DATA SHOWN:
==============================

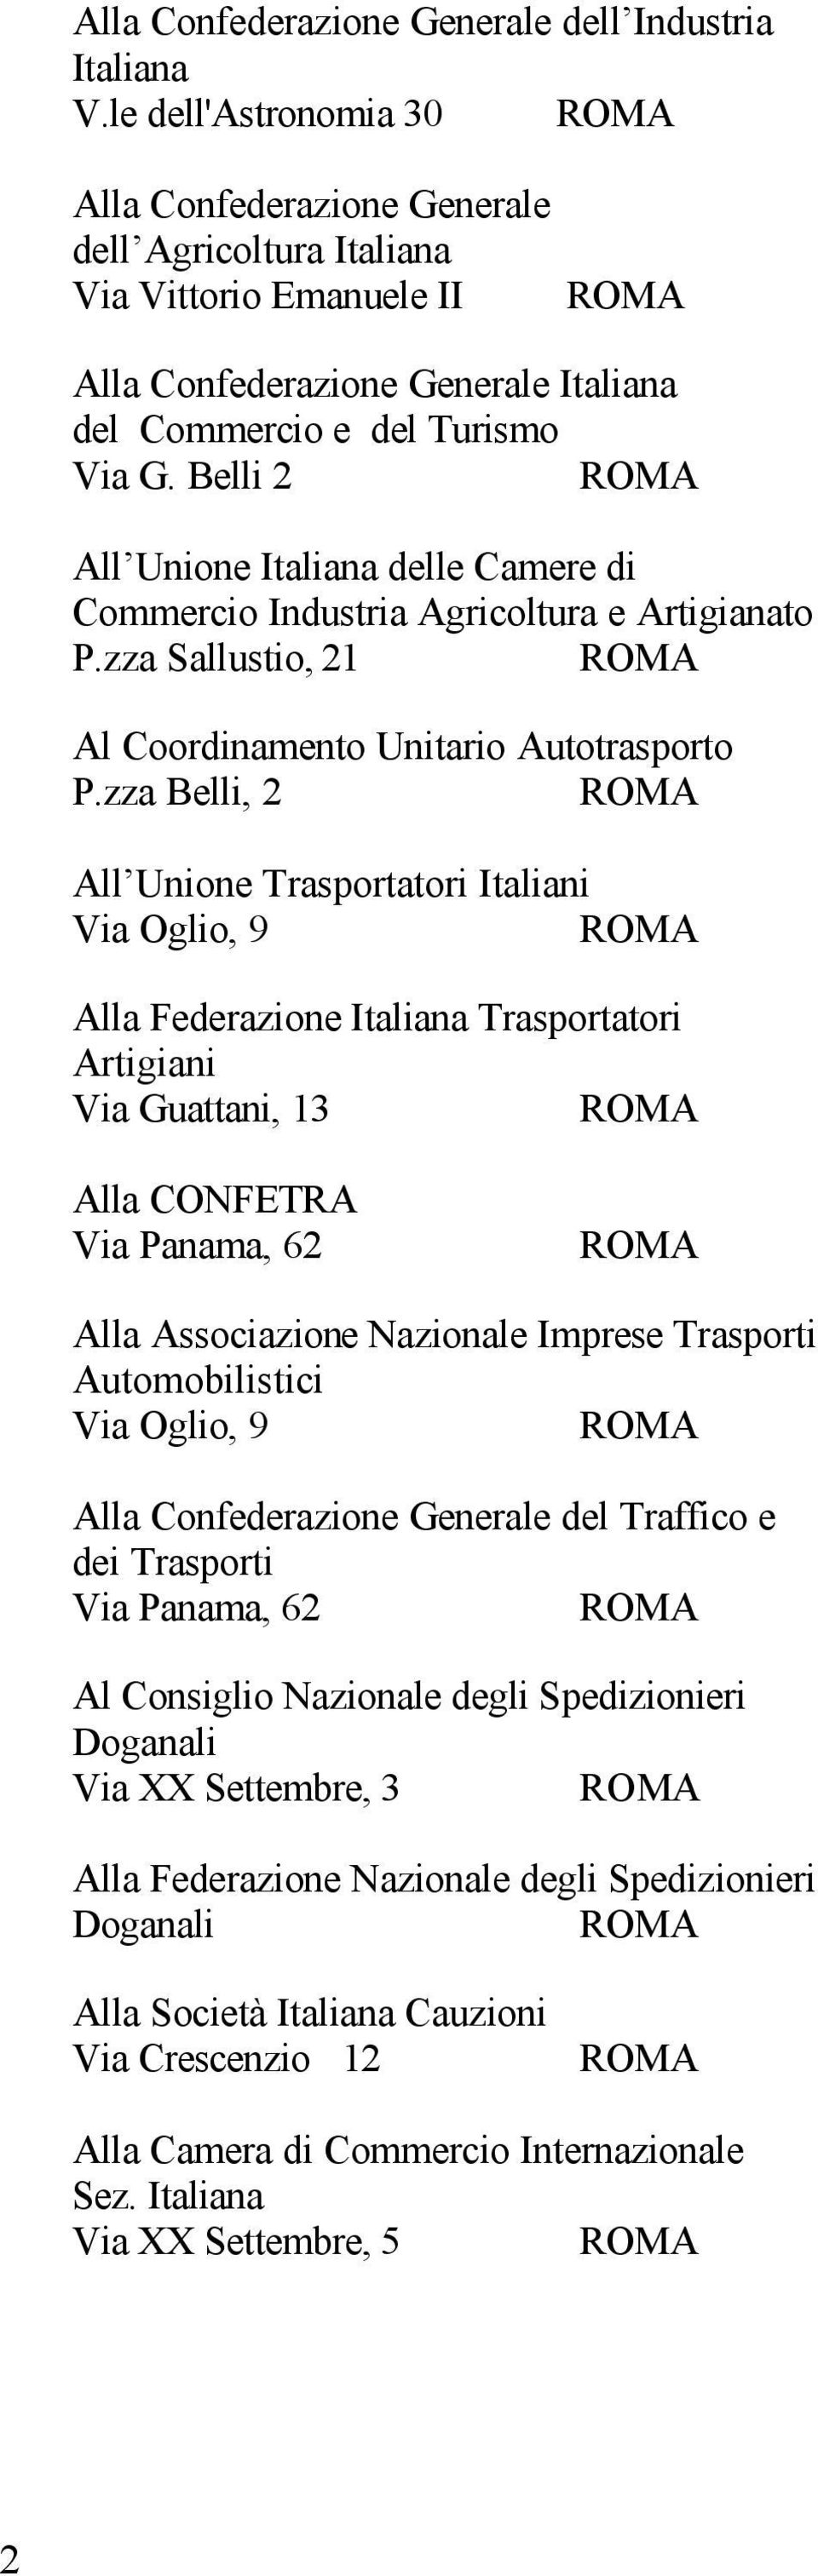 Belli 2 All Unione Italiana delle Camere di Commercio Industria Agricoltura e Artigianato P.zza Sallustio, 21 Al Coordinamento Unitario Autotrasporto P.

==============================

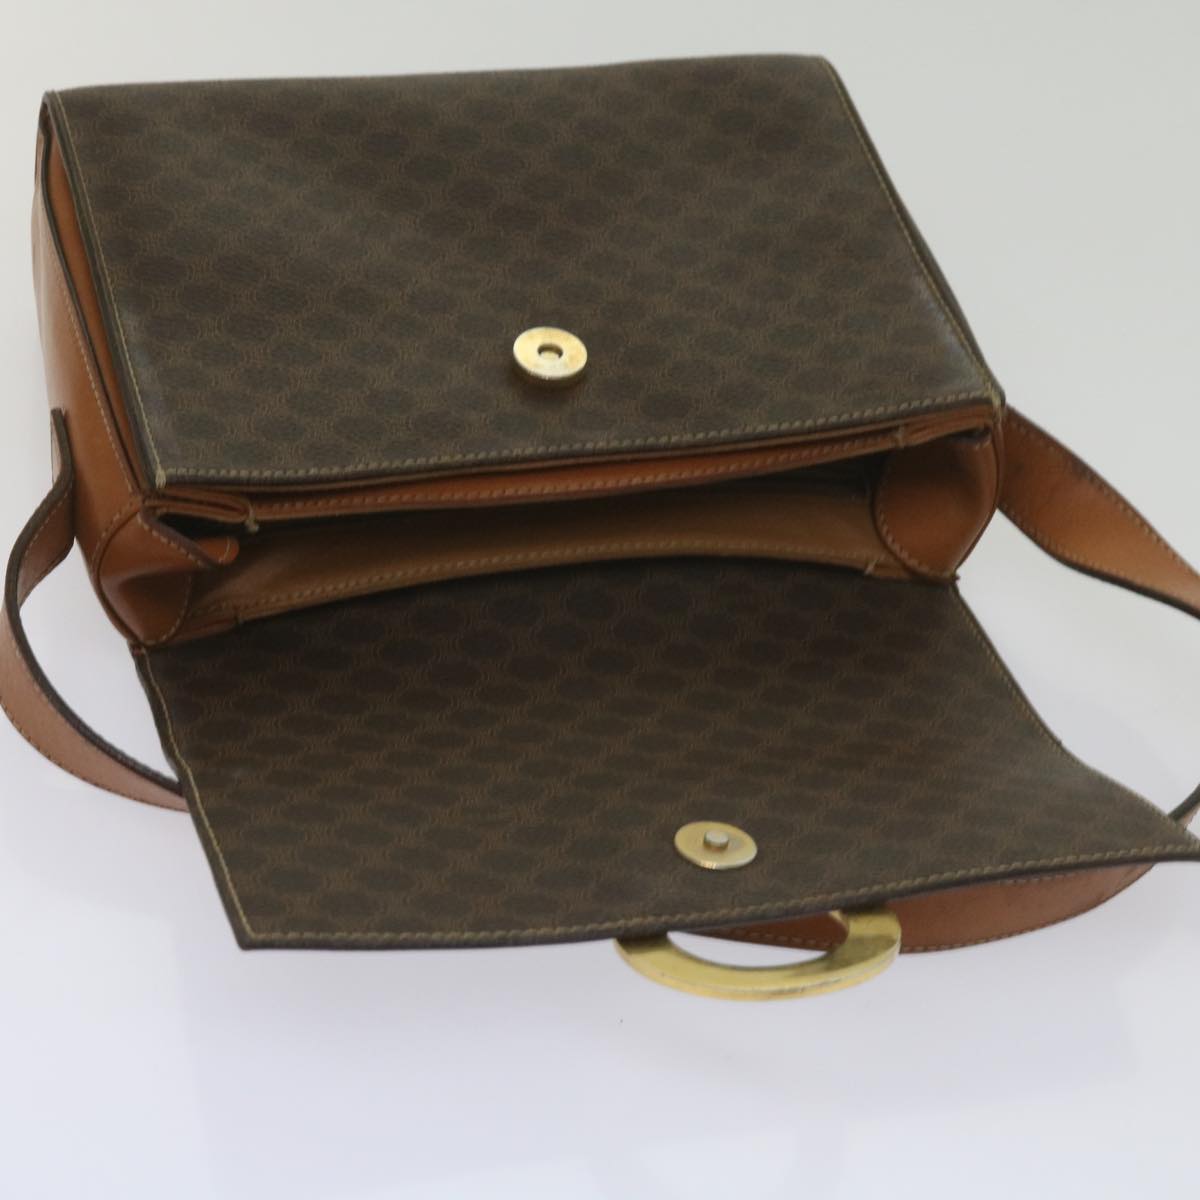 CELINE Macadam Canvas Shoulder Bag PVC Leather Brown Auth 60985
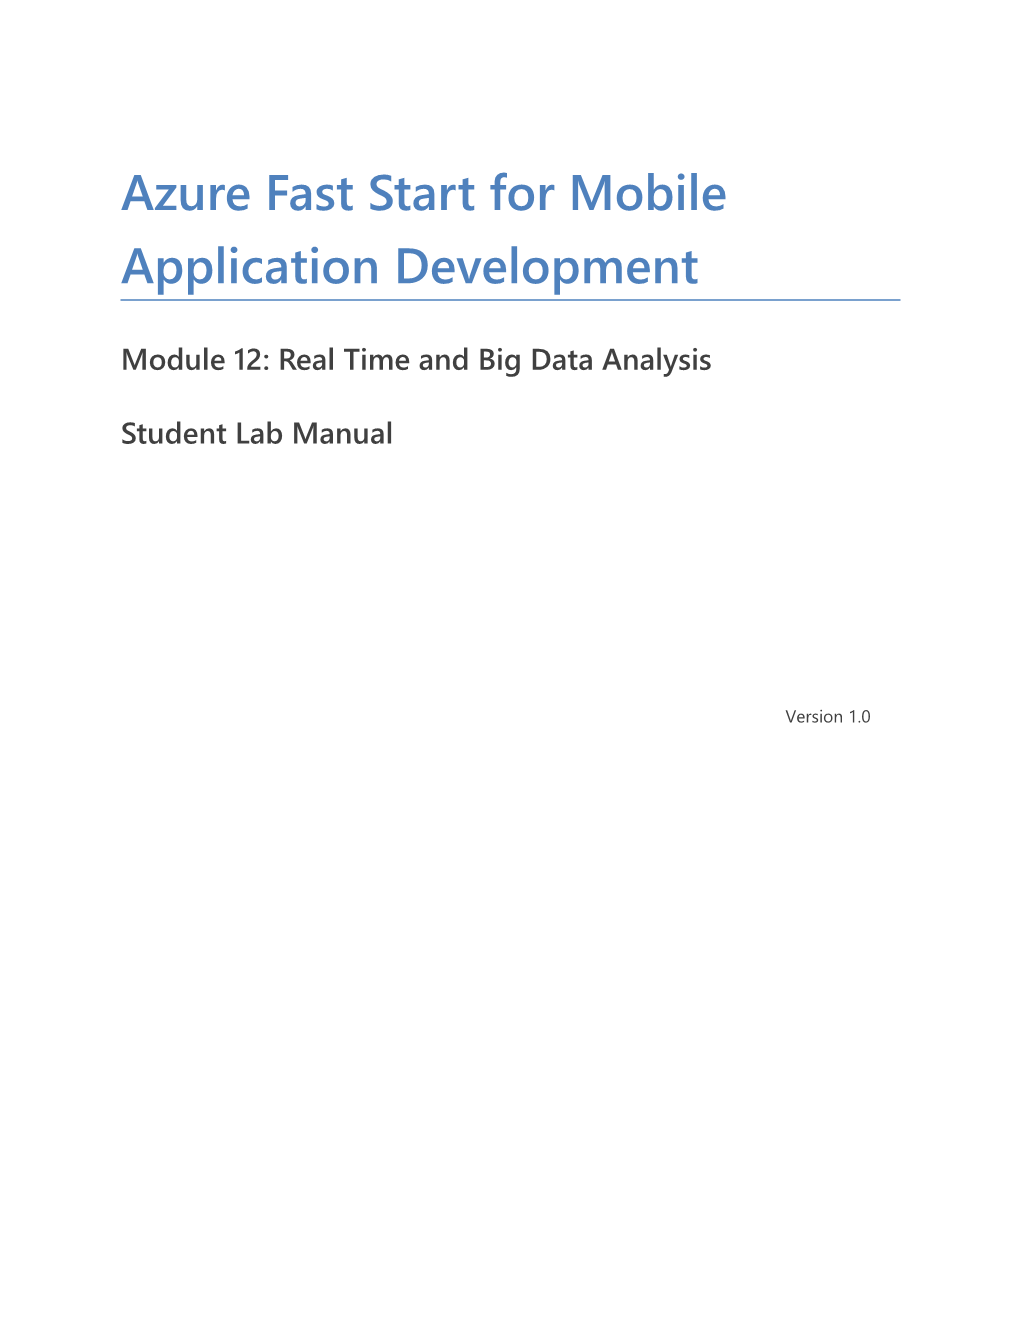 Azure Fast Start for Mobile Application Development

==============================

WHAT THE TASK REQUIRES: Both boundary lines included, write out word for word only the lines above from the one containing "CELINE Macadam Canvas" to the one containing "Azure Fast Start", leaving out any pictures.

SOLUTION BELOW:
 CELINE Macadam Canvas Shoulder Bag PVC Leather Brown Auth 60985
 Azure Fast Start for Mobile Application Development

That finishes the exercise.